Over the past there have been a number of reports suggesting traders will be looking to unwind the Yen carry trades. As the Yen rallies and the US Dollar falls, the traders implementing the Yen carry trade could run into trouble and even lose money. The unwinding would result in buying back of the Yen and selling of the other currencies. There are concerns this action could result in a liquidity crunch worldwide.
The US Dollar, which has been in a downtrend since peaking in 2002, will likely continue its slide lower. At the same time, the Japanese Yen had one of its best weeks in a long time, rallying 3.7%. From a technical viewpoint, the Yen broke above an important resistance level that spurred on more buying to end the week. So if the unwinding of the Yen carry trades continues, how can the individual investor hedge their portfolio or better yet, profit from it?
Rydex Investments offers the CurrencyShares exchange-traded funds for investors who do not have access to a currency trading account. If you believe - like I do - that the Yen has more room to move on the upside, the CurrencyShares Japanese Yen Trust (FXY) is your ticket. Over the last week FXY has gained 3.7% as the S&P 500 fell over 4%. Of the other currencies that Rydex offers ETFS, the Swiss Franc is currently yielding the second lowest interest rate. This led to a 1.2% gain in the CurrencyShares Swiss Franc Trust (FXF) during the last week.

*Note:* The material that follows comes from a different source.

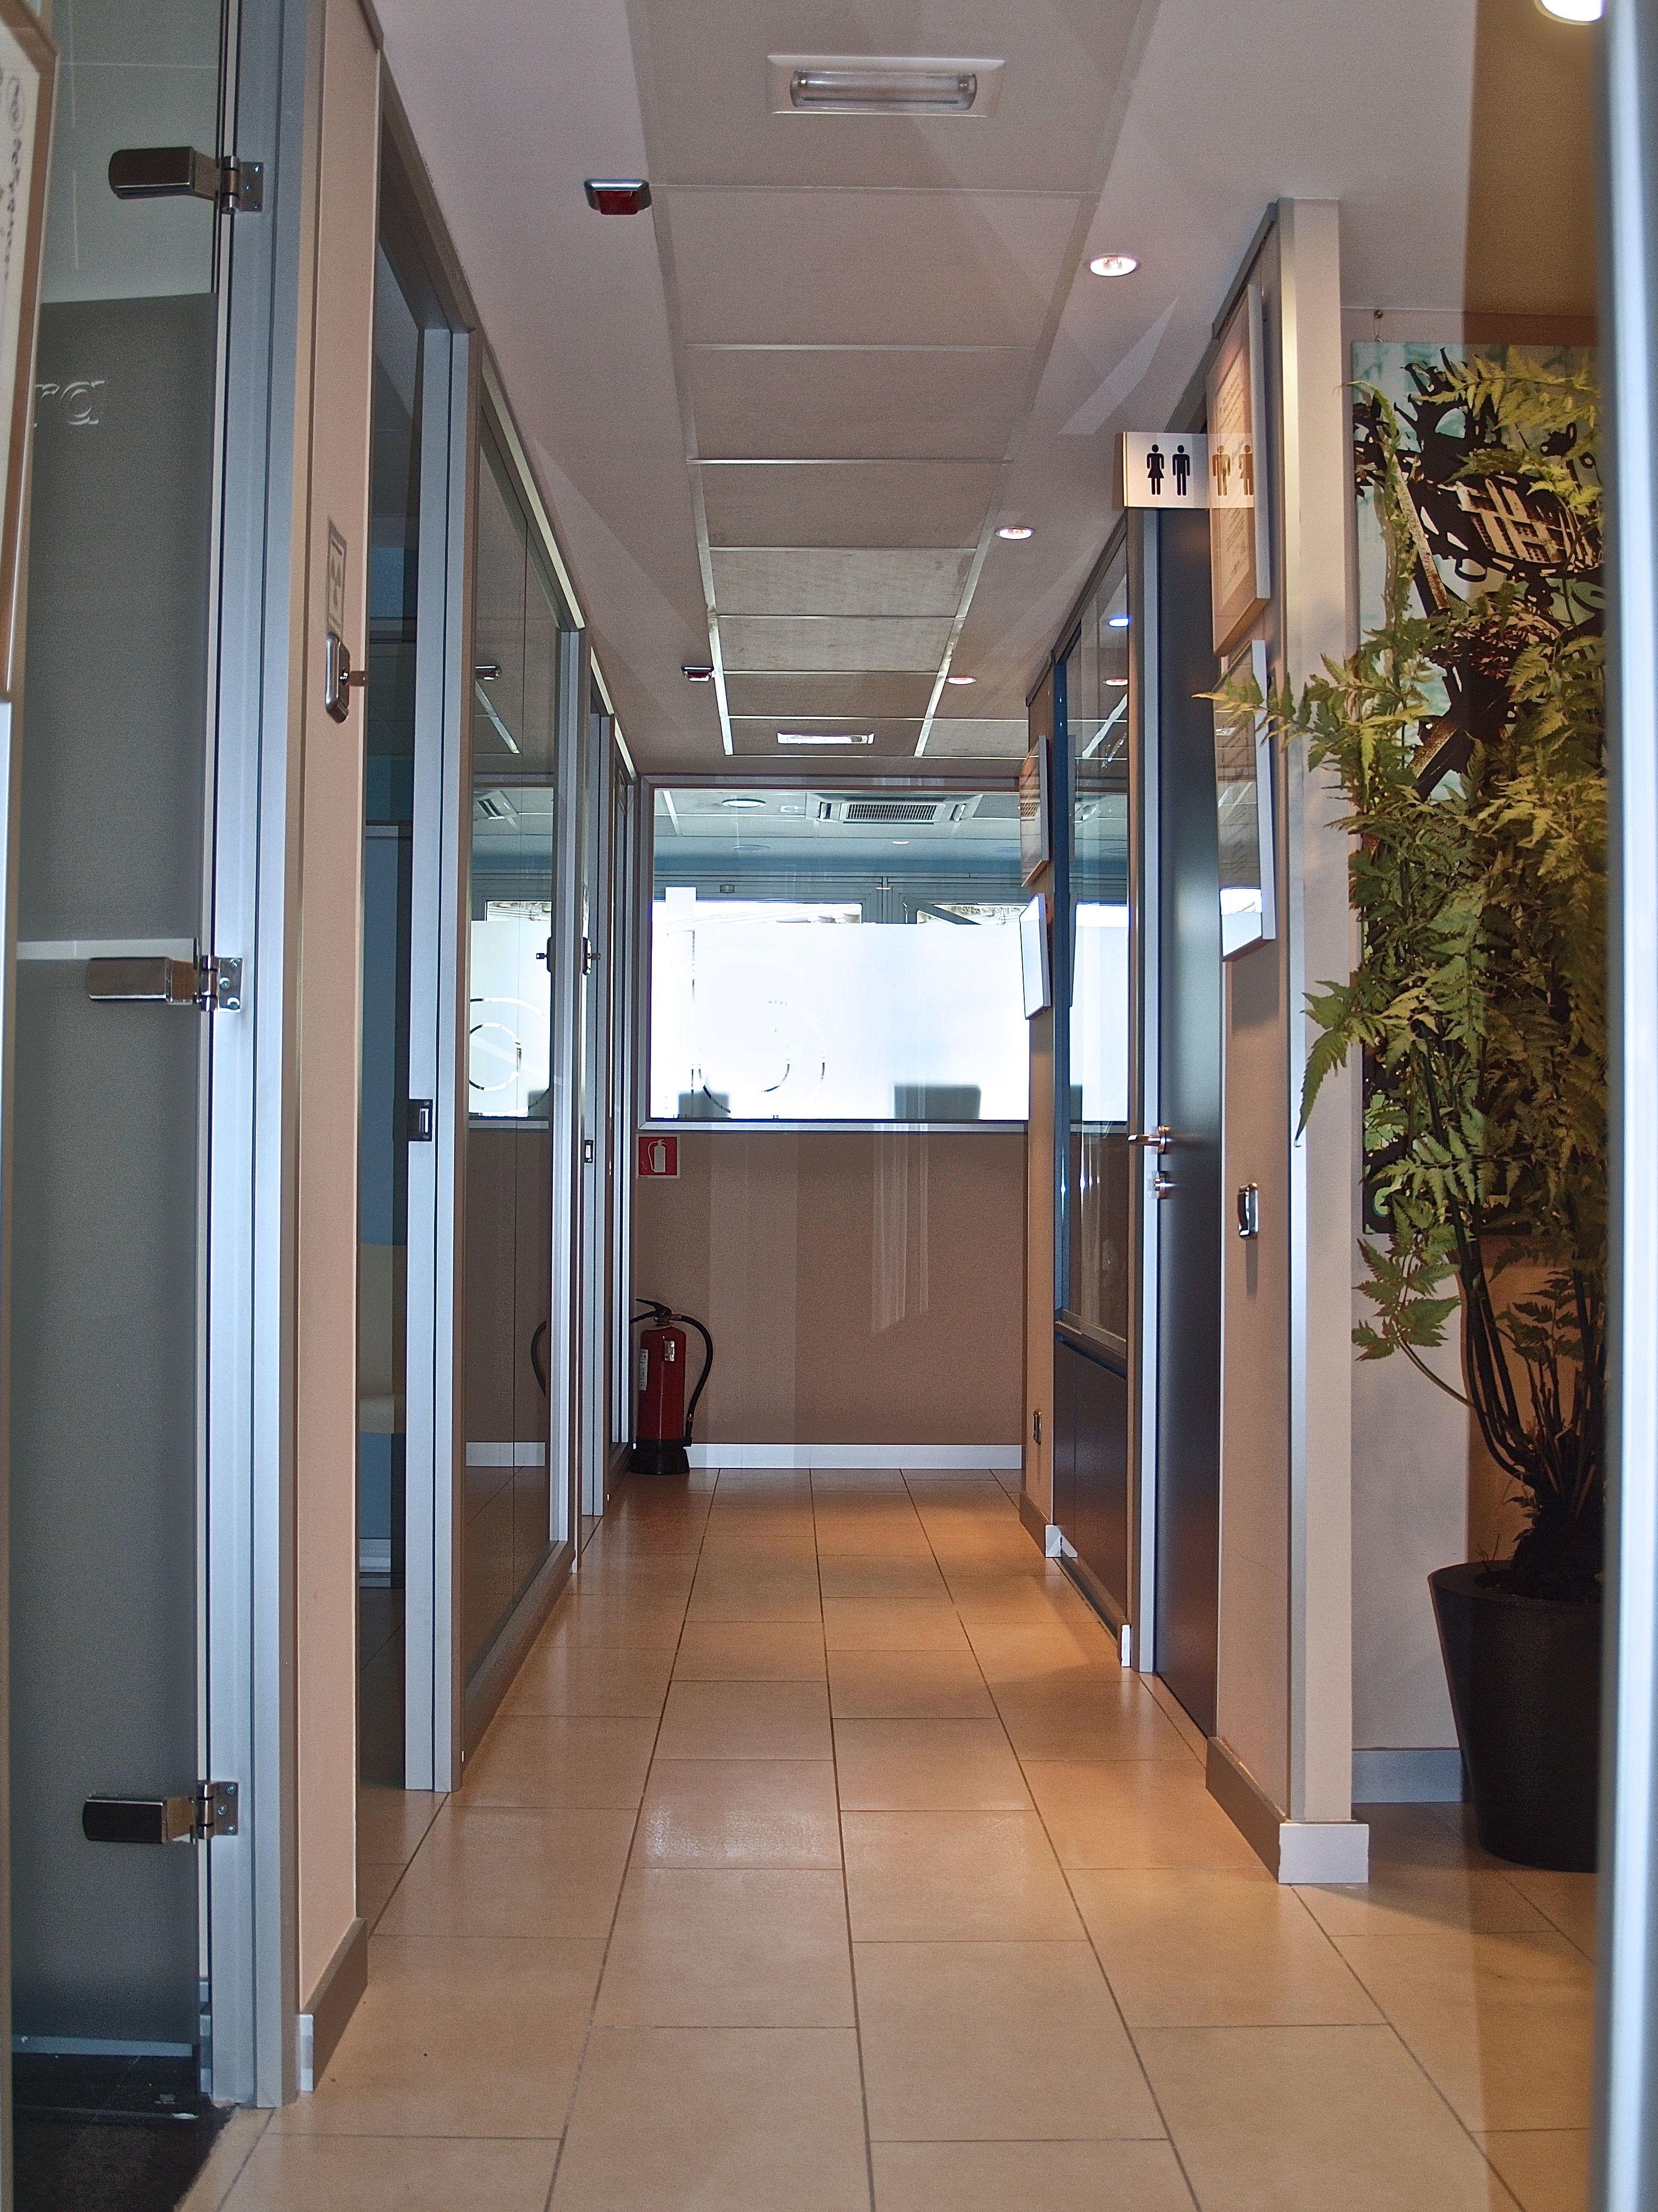 Foto 5 de Clínica dental en Barcelona en Barcelona | IOIB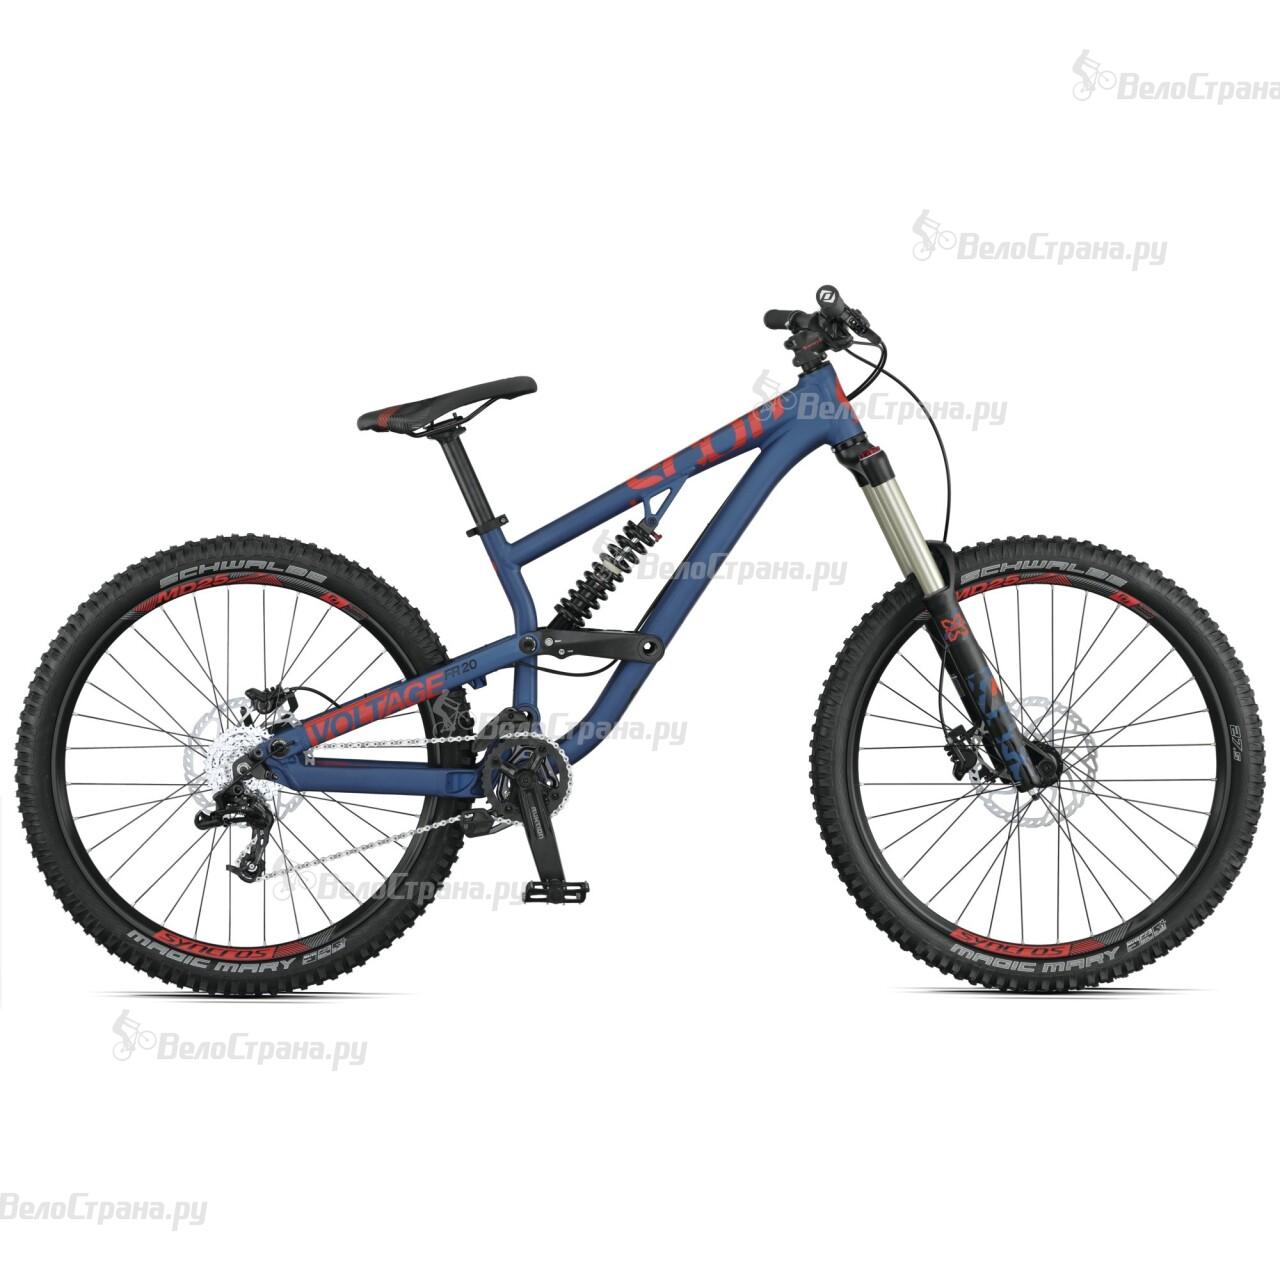 Велосипед Scott VOLTAGE FR 730 (2015) велосипед scott gambler 730 2015

The debate between further unwinding of the Yen carry trade will go on for weeks if not longer. If you would like to participate in the unwinding the two best ETF options are FXY and FXF. Even if the large unwinding does not take place, both ETFs should be able to perform well with the US Dollar in a continued downtrend. Carry trade or not, these two ETFs are the best options for investors looking for a way into foreign currencies.